Have you noticed any change of perception of this packaging material in recent years?
Tin is enjoying something of a revival as a means of offering a durable and practical storage container. It is especially pertinent when used in the context of sustainability and the environmental impact of single use packaging. Latest figures show steel as Europe's most recycled packaging material for the 12th consecutive year with the recycle rate of tinplate increasing from 25% in 1991 to 74% in 2012.
When durable tins are provided with lightweight and minimal refill packs they deliver a compelling combination that reduces waste whilst delivering functional benefits that many other primary packaging cannot. Strength, waterproofing and secure sealing make tins perfect for providing airtight storage for everything from tea to biscuits and chocolates.
Tins are arguably the most kept and re-purposed items of packaging ever produced and a good, attractively designed tin can end up being used for years, if not decades. Increasingly consumers are making purchase decisions based on environmental factors and packs that can be used within a circular economy or ‘up-cycled’ are perceived in a positive way.
How did you go about capturing a New Zealand feel for the brand?
The brand identity (created by Turner Duckworth) has a strong graphic presence combining bold typography with a memorable Kiwi character that instantly communicates a New Zealand provenance and flavour. The role of structural packaging is to compliment and support the two-dimensional branding but there was also an opportunity to reflect other Ti Ora brand values.

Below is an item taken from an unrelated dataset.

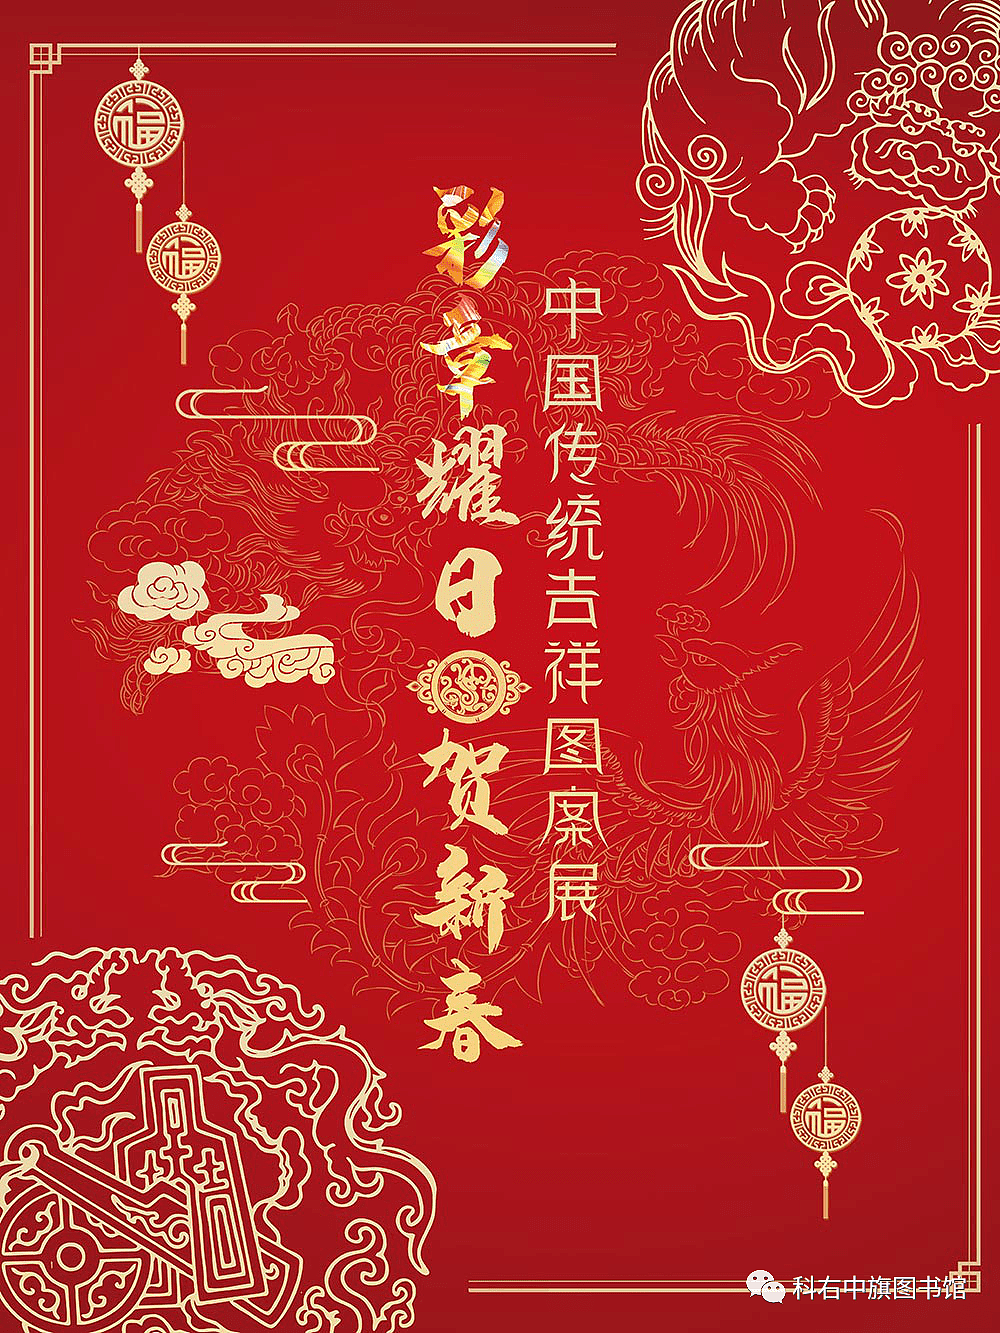 科尔沁右翼中旗图书馆线上展览丨彩章耀日贺新春——中国传统吉祥图案展 - 2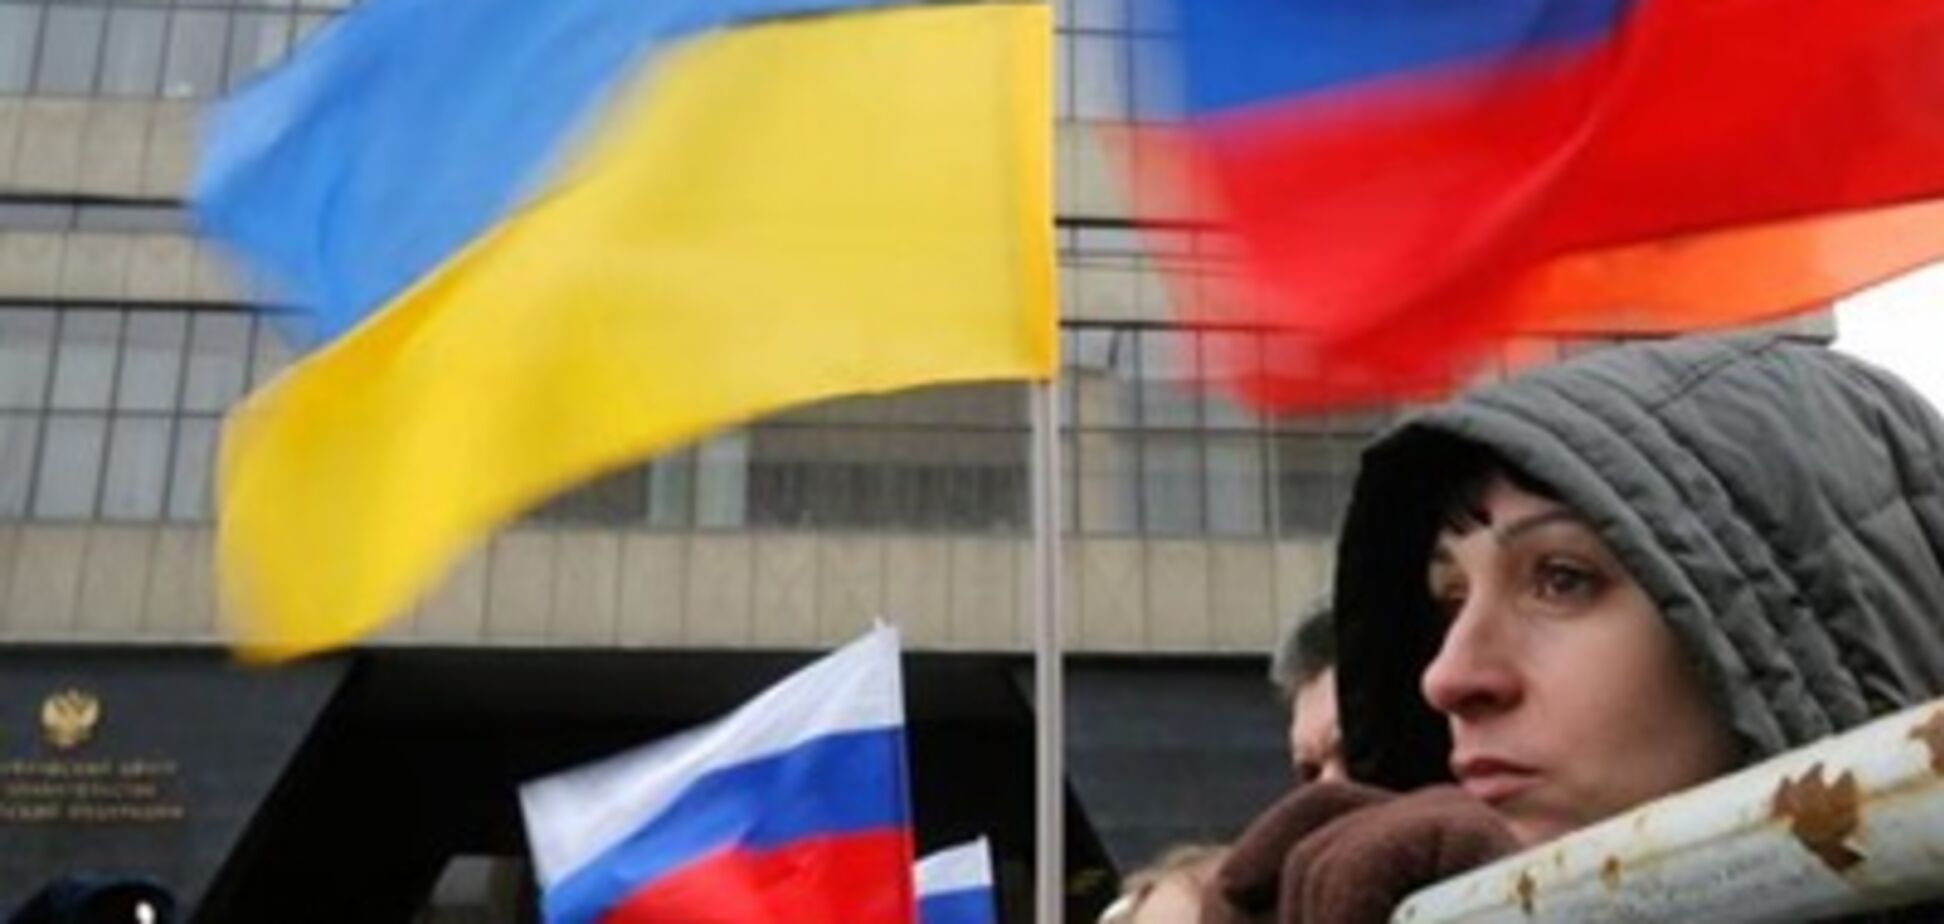 Это чувство сильнее, чем ненависть: журналист откровенно рассказал об отношении к россиянам в Украине

Where the typography has imperfections that echo the irregularities of nature the tin has a simplicity which hints at purity and perfection. Where the Kiwi delivers a ‘smile in the mind’ with its charm the cube-like proportions of the tin also engage and encourage people to pick it up and explore its surfaces.
The Ti Ora tin design doesn’t attempt to be overtly ‘New Zealand’ and, whilst being ‘natural’ the brand is bright, refreshing and uplifting. The inherent sensorial qualities delivered by its flawless, eggshell finish, tactile embossing, snug-fitting lid and aesthetically pleasing proportions were all inspired by the countries amazing mountains, valleys, skies and vistas.